In models with a generator and discriminator, like GANs, the main goal is to make the generator create data that looks real, and the discriminator to tell real from fake. The key metric is loss for both parts. The generator's loss shows how well it fools the discriminator. The discriminator's loss shows how well it spots fakes. We also look at Inception Score or FID to measure how real the generated data looks overall.
Generator and discriminator in PyTorch - Model Metrics & Evaluation
| Predicted Real | Predicted Fake |
---------------------------------------
Real Data | TP | FN |
Fake Data | FP | TN |
TP = Discriminator correctly says real data is real
TN = Discriminator correctly says fake data is fake
FP = Discriminator wrongly says fake data is real
FN = Discriminator wrongly says real data is fake
Precision = TP / (TP + FP) measures how many predicted real are truly real.
Recall = TP / (TP + FN) measures how many real data are correctly found.
These help understand discriminator quality.
For the discriminator, high precision means it rarely mistakes fake data as real. High recall means it finds most real data correctly. If precision is too high but recall low, it may miss some real data. If recall is high but precision low, it may accept many fakes as real.
For the generator, the goal is to reduce discriminator's ability to tell fake from real, so its loss improves when discriminator's precision and recall drop.
Example: In art generation, a generator with low recall on real art means it misses many styles. A discriminator with low precision may accept poor fakes as real.
- Good Discriminator: Balanced precision and recall around 0.8-0.9, showing it can spot fakes and recognize real data well.
- Bad Discriminator: Precision or recall below 0.5 means it guesses poorly, hurting training.
- Good Generator: Generator loss decreases steadily, and FID score lowers (closer to 0), meaning generated data looks more real.
- Bad Generator: Generator loss stays high or oscillates, FID score high, meaning poor quality fake data.
- Mode Collapse: Generator produces limited variety, fooling discriminator but failing diversity.

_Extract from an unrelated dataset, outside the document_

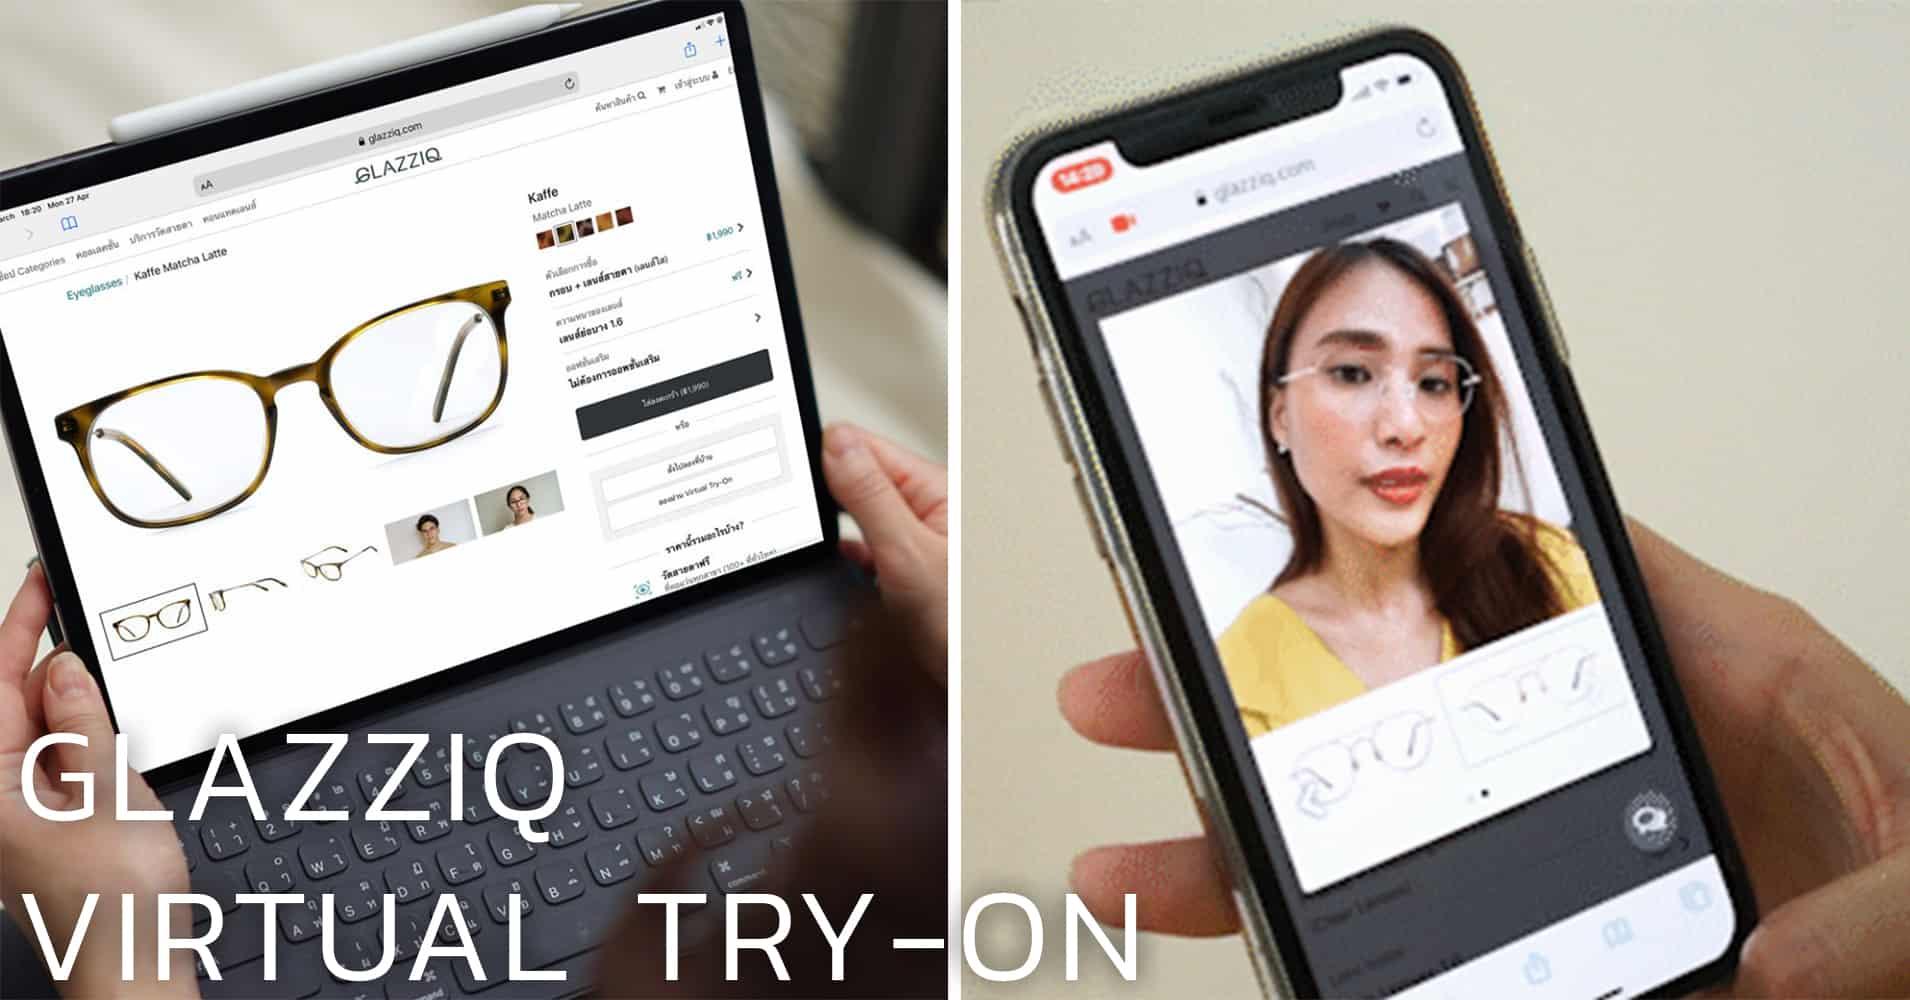 GLAZZIQ กับฟีเจอร์ Virtual Try-On ที่ทำให้การตัดแว่นออนไลน์เป็นเรื่องง่าย

Metrics may look good but output is poor.
- Overfitting Discriminator: Discriminator becomes too strong, generator can't learn. Losses become unstable.
- Ignoring Diversity Metrics: Only tracking loss misses if generator creates varied outputs.

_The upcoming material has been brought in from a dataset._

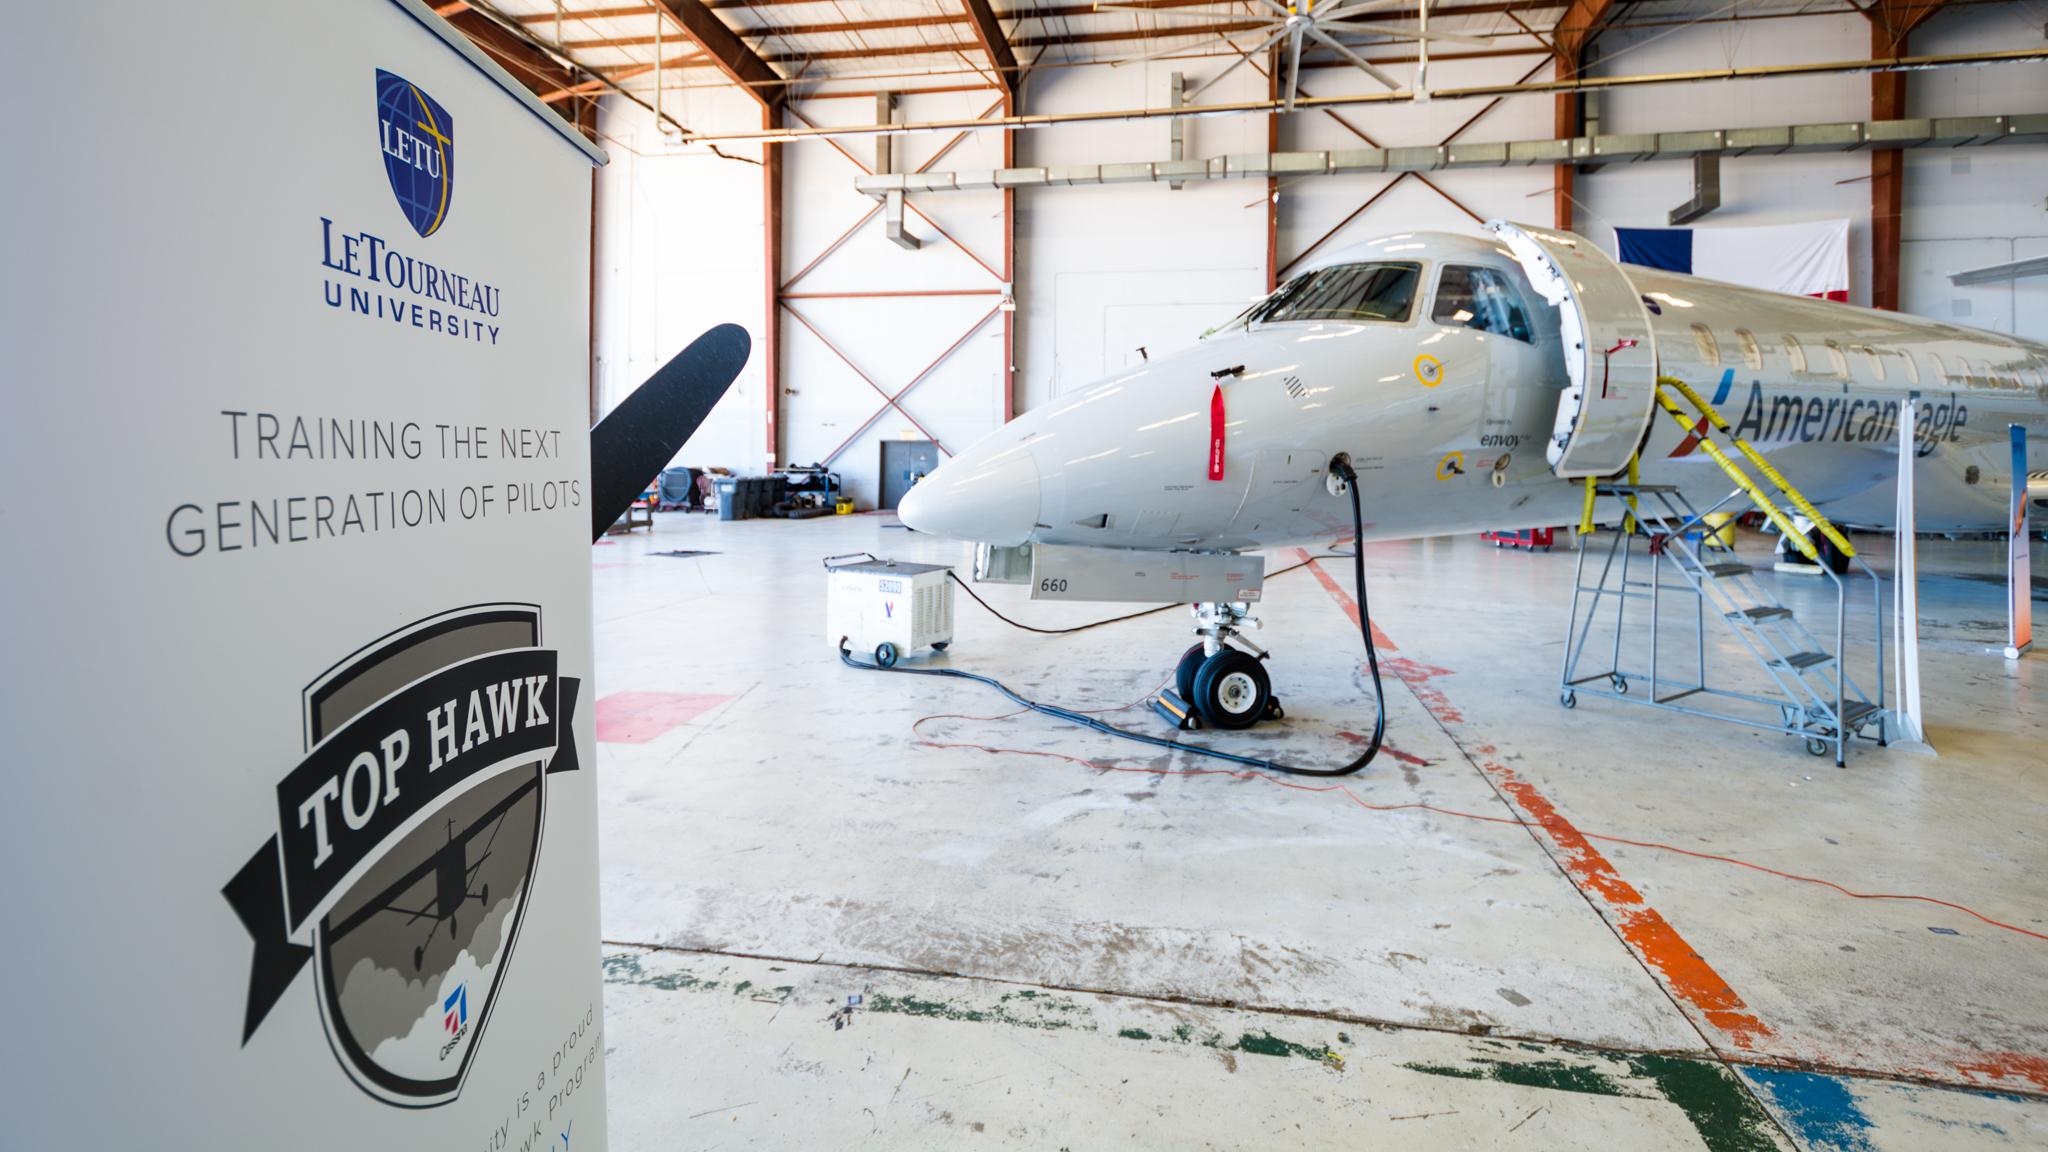 Letourneau University Fall 2016 Career Fair Envoy Air

- Data Leakage: Using test data in training can inflate metrics falsely.
Your GAN model has a discriminator accuracy of 98% but the generator's FID score is very high, and generated images look very similar. Is this good?
Answer: No. The discriminator is too strong and the generator is not learning well. The high discriminator accuracy means it easily spots fakes. The high FID and similar images show mode collapse. You need to balance training and monitor diversity.